Le maire de Chartres, Ladislas Vergne, a annoncé ce jeudi 20 août que Patrick Bruel n’était « pas le bienvenu » pour se produire dans sa ville. Le chanteur, visé par de multiples plaintes pour viol et agression sexuelle, devait y donner le premier concert de sa tournée le 2 octobre prochain.
La décision, rendue publique sur le réseau social X, marque un tournant dans la gestion des accusations qui visent l’artiste de 67 ans. Ladislas Vergne (DVD) a justifié sa position en rappelant que Patrick Bruel fait désormais l’objet de 32 plaintes. « Ma position est claire : Patrick Bruel ne se produira pas à Chartres », a-t-il écrit, soulignant sa volonté de respecter la parole des victimes présumées et le temps de la justice.
Une décision « pas une condamnation » mais « une demande de responsabilité »
Dans son message, l’édile a tenu à préciser que sa décision « n’est pas une condamnation », mais « une demande de responsabilité face à une situation devenue exceptionnelle ». Il a également rappelé que « la présomption d’innocence est un principe de notre État de droit. Mais elle ne doit jamais conduire à faire taire la parole de celles qui affirment avoir été victimes ».
Le maire de Chartres a insisté sur la nécessité de considérer les parcours individuels derrière les chiffres. « Derrière les chiffres, il y a des femmes, des paroles, des parcours et des souffrances présumées qui doivent être entendus et considérés avec le plus grand sérieux. Il y a aussi la nécessité de garantir à la justice la sérénité nécessaire pour faire son travail », a-t-il déclaré.
Pour Ladislas Vergne, Patrick Bruel « doit entendre ce qui se passe » et « prendre du recul ». Il appelle le chanteur à retirer sa venue de Chartres, tout en laissant une porte ouverte pour l’avenir. « S’il revient dans un an : pas de problème. Parce qu’il sera blanchi. Mais pas aujourd’hui, pas dans ce contexte », a-t-il expliqué à France Télévisions.
Une tournée maintenue malgré les appels à la mobilisation
Cette annonce intervient alors que le magazine people Voici affirme dans son numéro à paraître vendredi que Patrick Bruel a l’intention de maintenir sa tournée d’automne, malgré les appels à la mobilisation de collectifs féministes. La tournée de 35 dates doit s’étaler du 2 octobre au 21 novembre et passera par de très grandes salles françaises, dont le Zénith de Paris.
Le chanteur de « Casser la voix » avait pourtant annulé fin mai tous ses concerts jusqu’en septembre, après une multiplication de témoignages et d’accusations. Il prévoit désormais d’entamer cette série de concerts pour célébrer les 35 ans de l’album « Alors regarde ».
Les pressions se sont intensifiées ces dernières semaines. Des collectifs féministes avaient déjà obtenu l’annulation de représentations de la pièce de théâtre dans laquelle jouait Patrick Bruel à Paris fin mai. La question de sa présence sur scène divise désormais les municipalités et les organisateurs de spectacles.
Une situation judiciaire complexe
Patrick Bruel est mis en examen dans quatre dossiers de violences sexuelles et a été placé sous le statut de témoin assisté dans quatre autres. Ce mercredi, une avocate de plaignantes, Me Myriam Guedj-Benayoun, a assuré avoir déposé une nouvelle plainte pour tentative de viol contre le chanteur. Elle a également indiqué que de nouveaux témoignages seront livrés à la justice en septembre.
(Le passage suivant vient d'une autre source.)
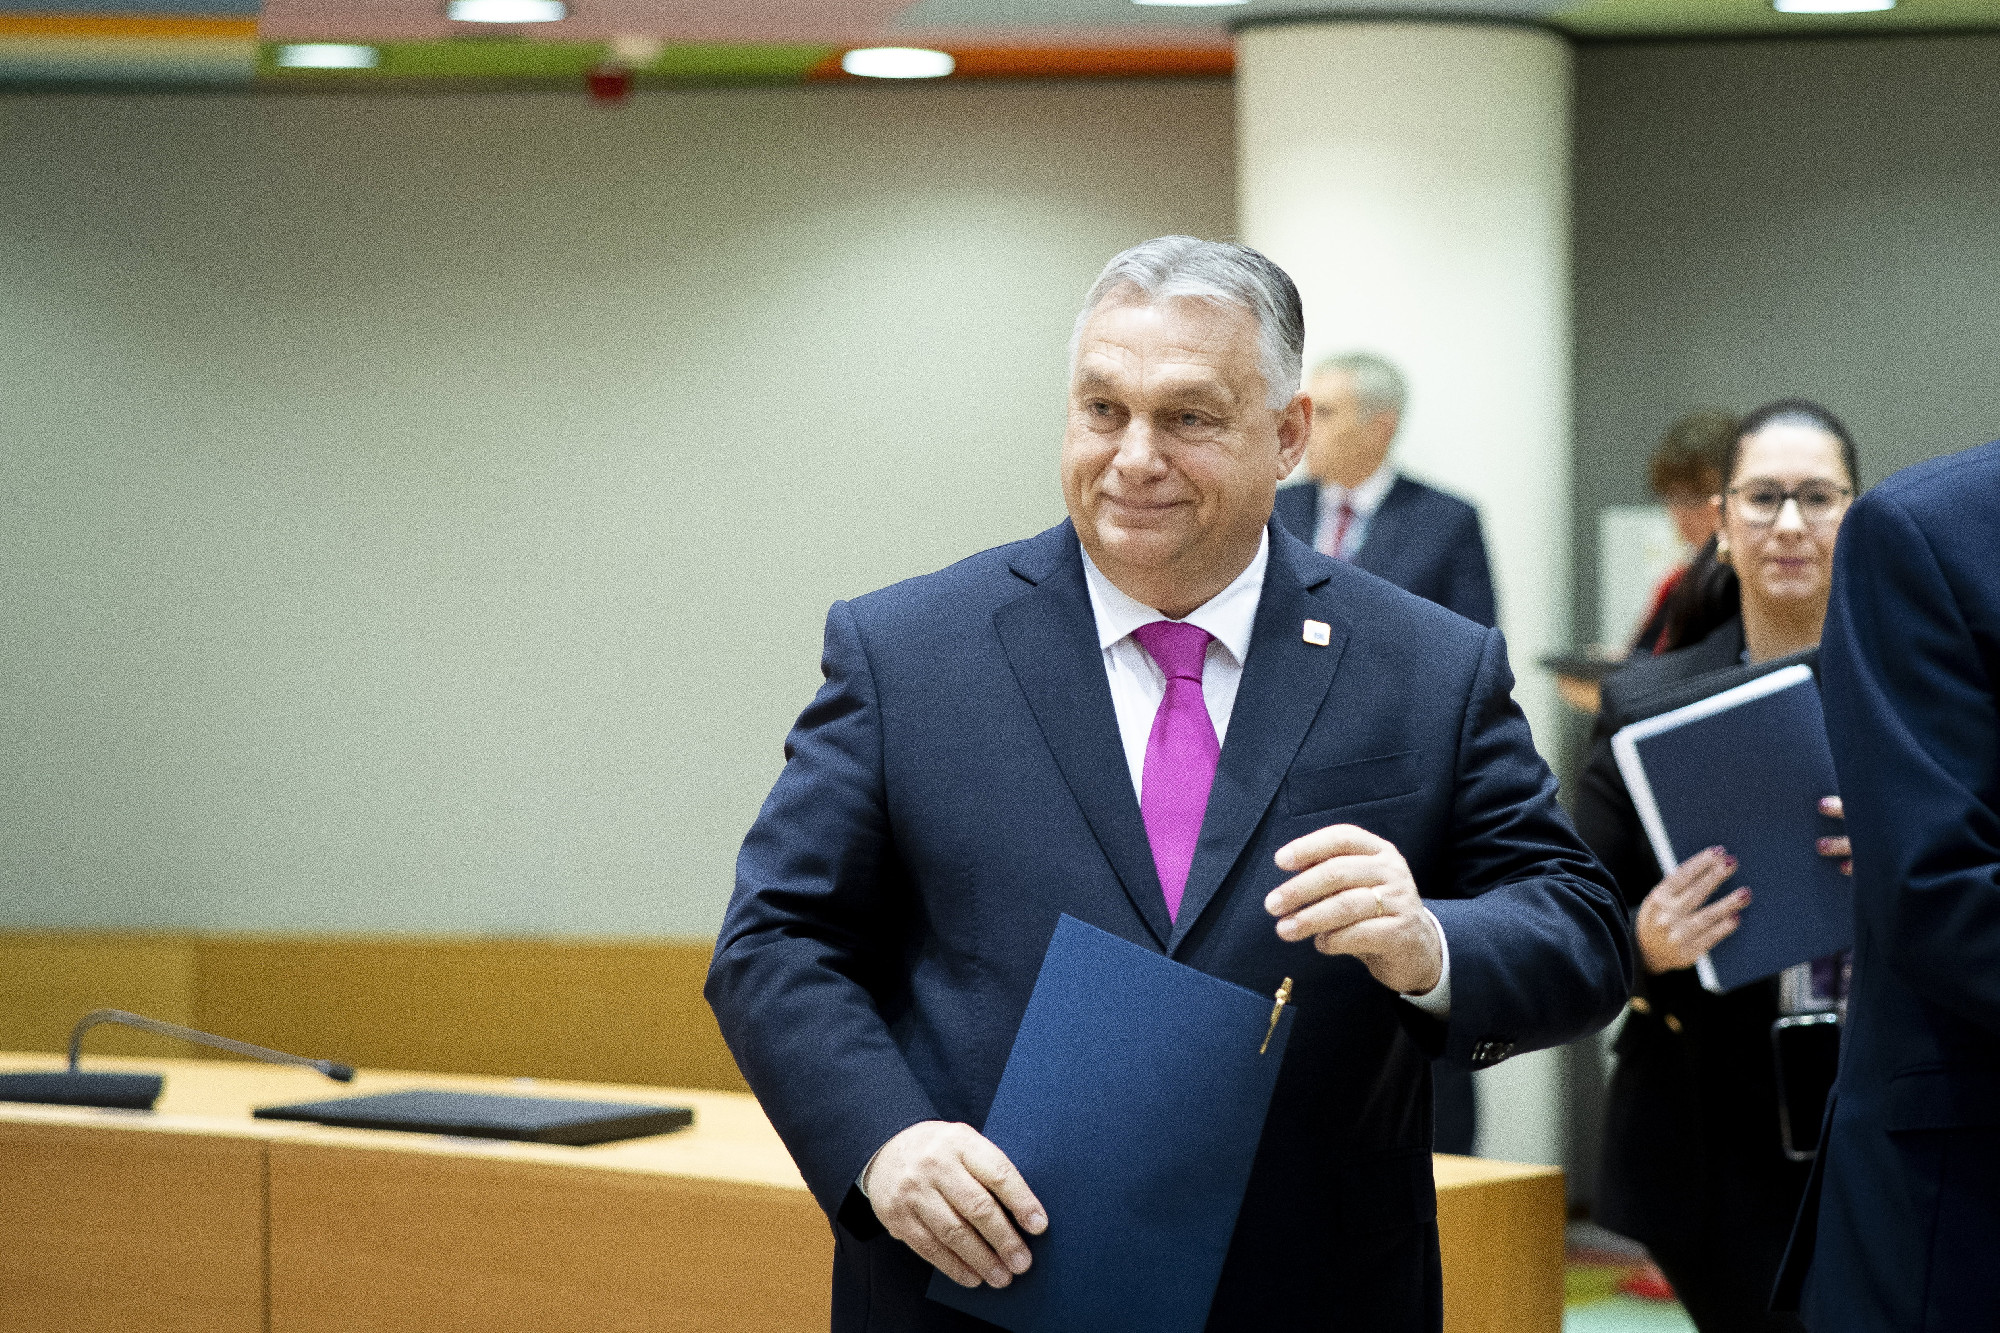 Az EU megkezdi Ukrajnával a csatlakozási tárgyalásokat, Orbán rossz döntésnek nevezte
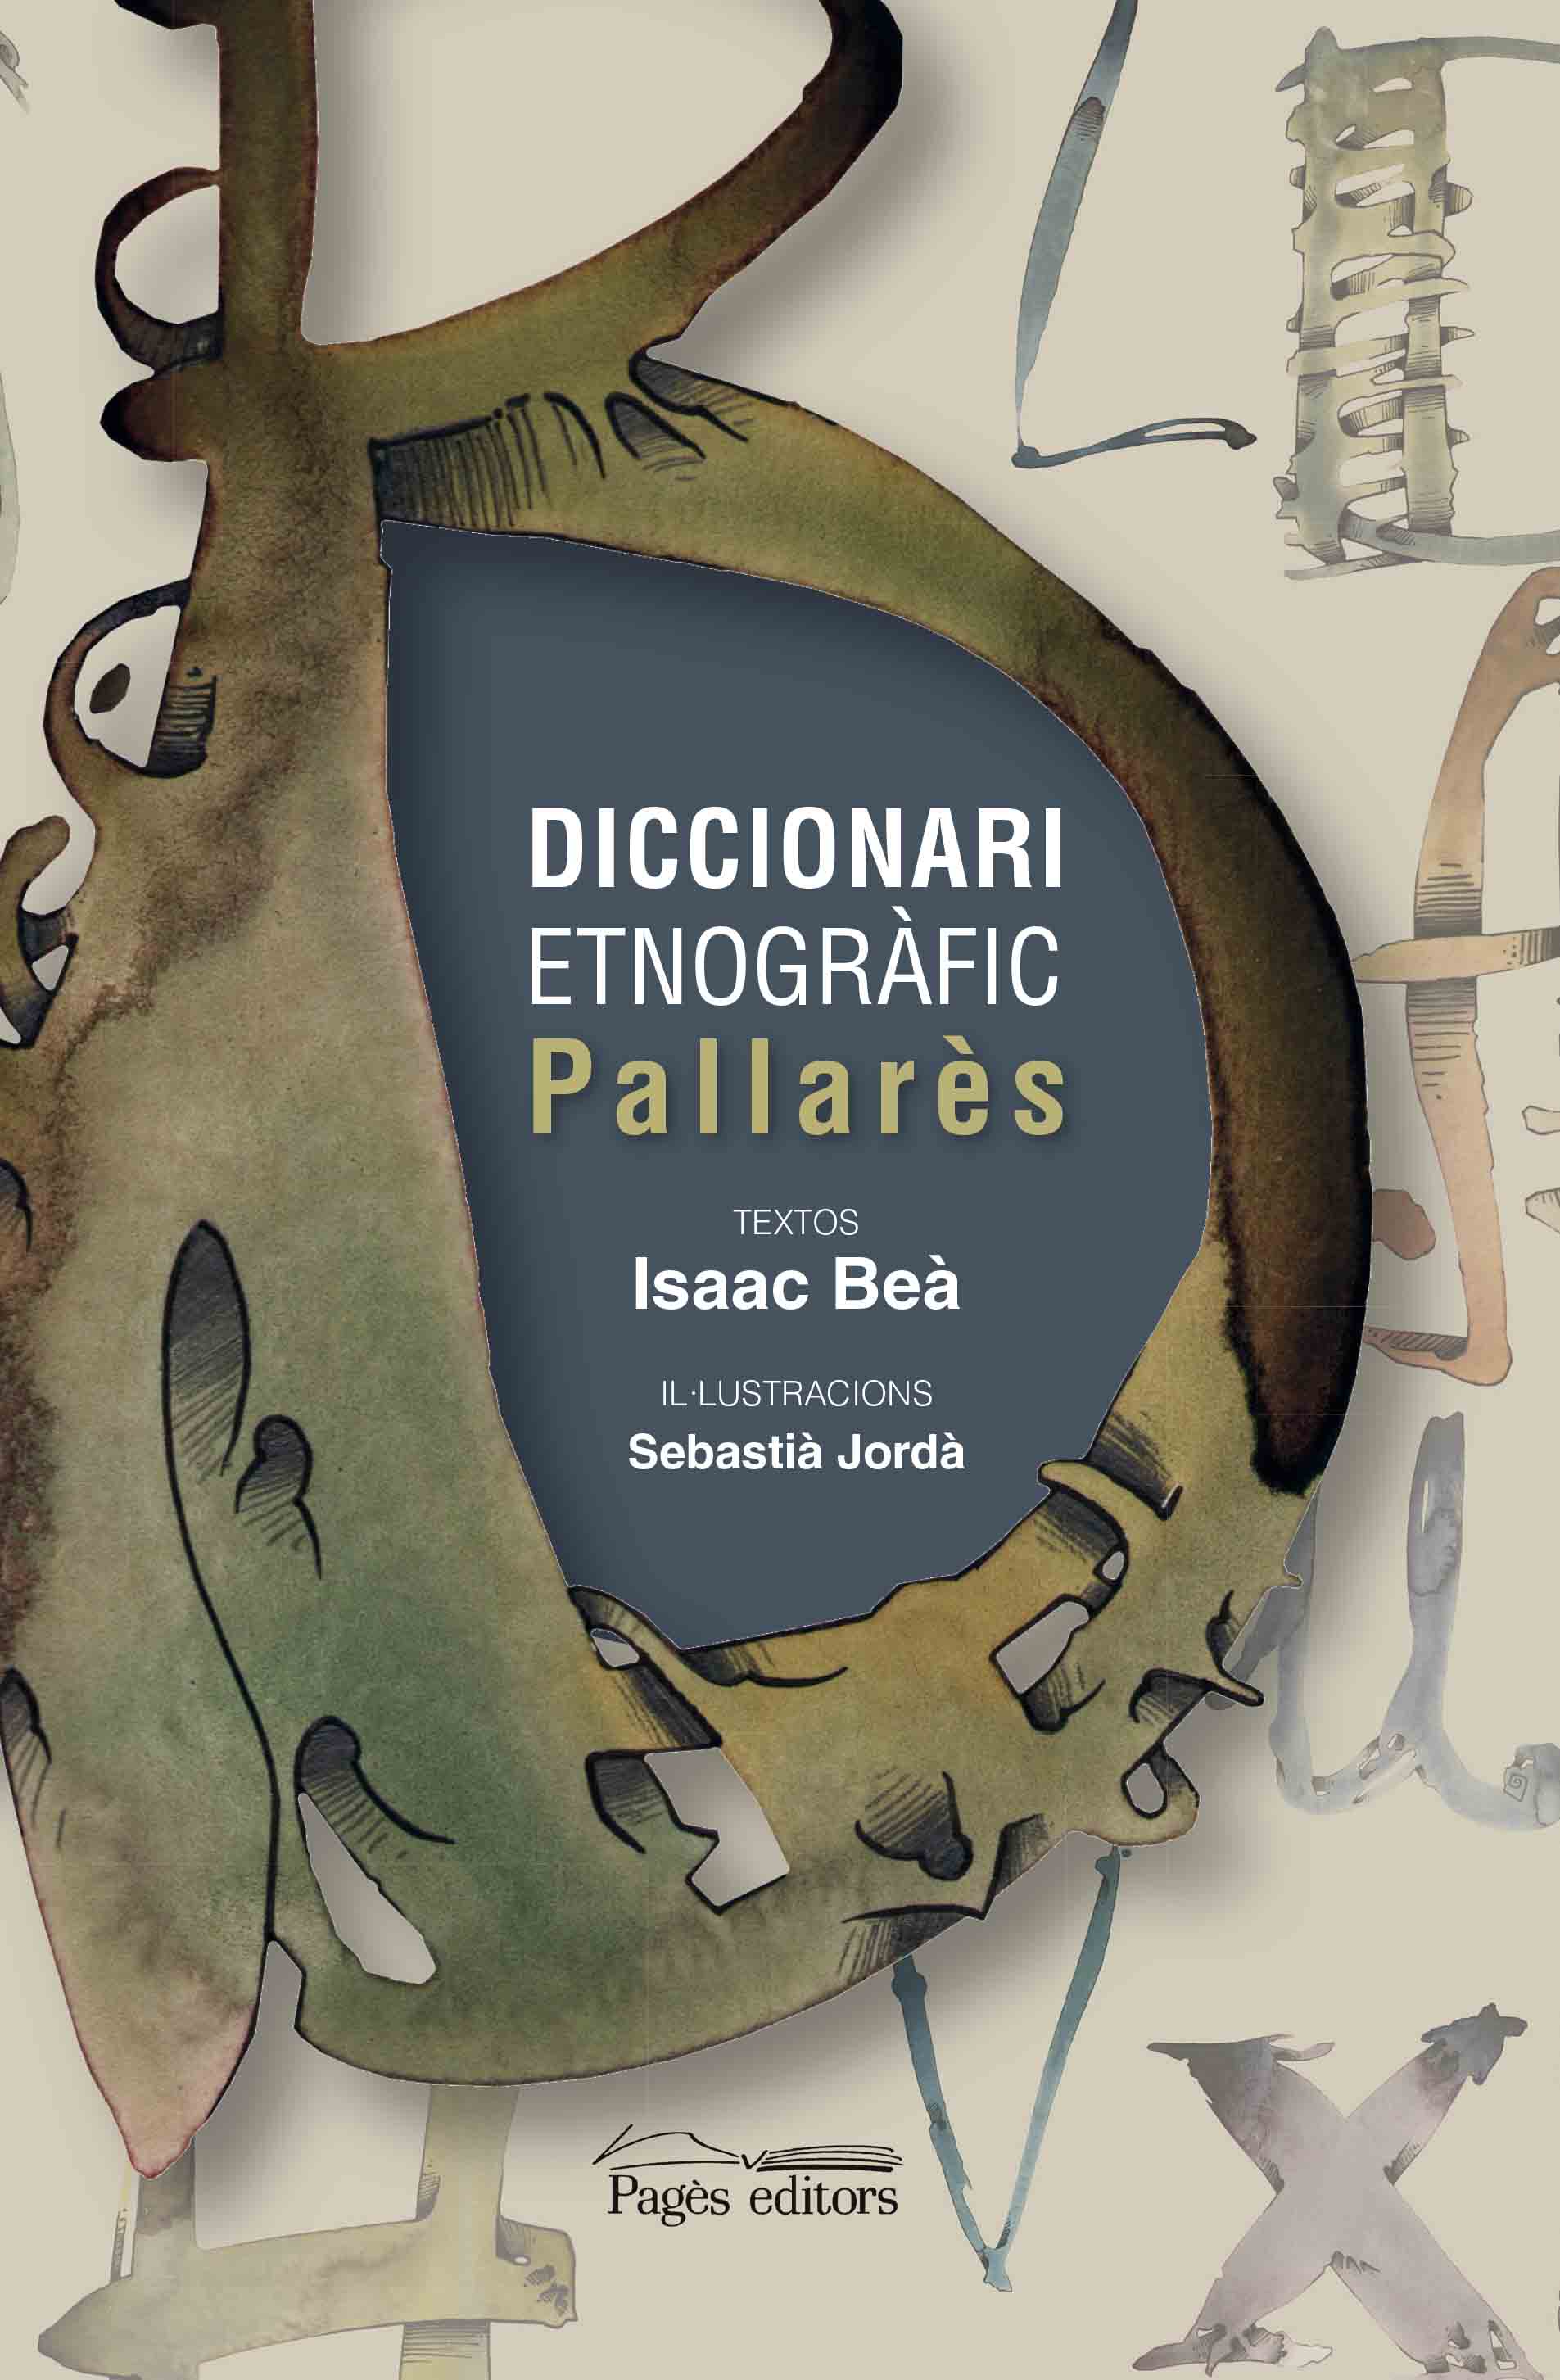 Pagès Editors publica el 'Diccionari etnogràfic Pallarès'

Le nombre de plaintes a considérablement augmenté depuis le début de l’affaire. Une nouvelle plainte pour viol sur une victime mineure a notamment été déposée, portant le total à 32 selon les informations relayées par le maire de Chartres. Cette accumulation de procédures judiciaires place les organisateurs de spectacles dans une position délicate, entre respect de la présomption d’innocence et prise en compte de la gravité des accusations.
La décision de la ville de Chartres pourrait créer un précédent. D’autres municipalités pourraient être tentées de suivre cet exemple, alors que la tournée prévoit des passages dans de nombreuses grandes villes françaises. La question de l’opportunité de maintenir ces concerts se pose désormais avec acuité, tant pour les producteurs que pour les élus locaux.
Le maire de Chartres a résumé sa position en une phrase : « La présomption d’innocence ne doit jamais conduire à faire taire la parole de celles qui affirment avoir été victimes. » Une position qui illustre la tension entre les principes juridiques fondamentaux et la prise en compte des mouvements sociaux contemporains.
En attendant, Patrick Bruel n’a pas encore réagi publiquement à cette interdiction. La tournée, si elle est maintenue, devra désormais trouver une nouvelle ville pour son concert d’ouverture, prévu initialement le 2 octobre à Chartres.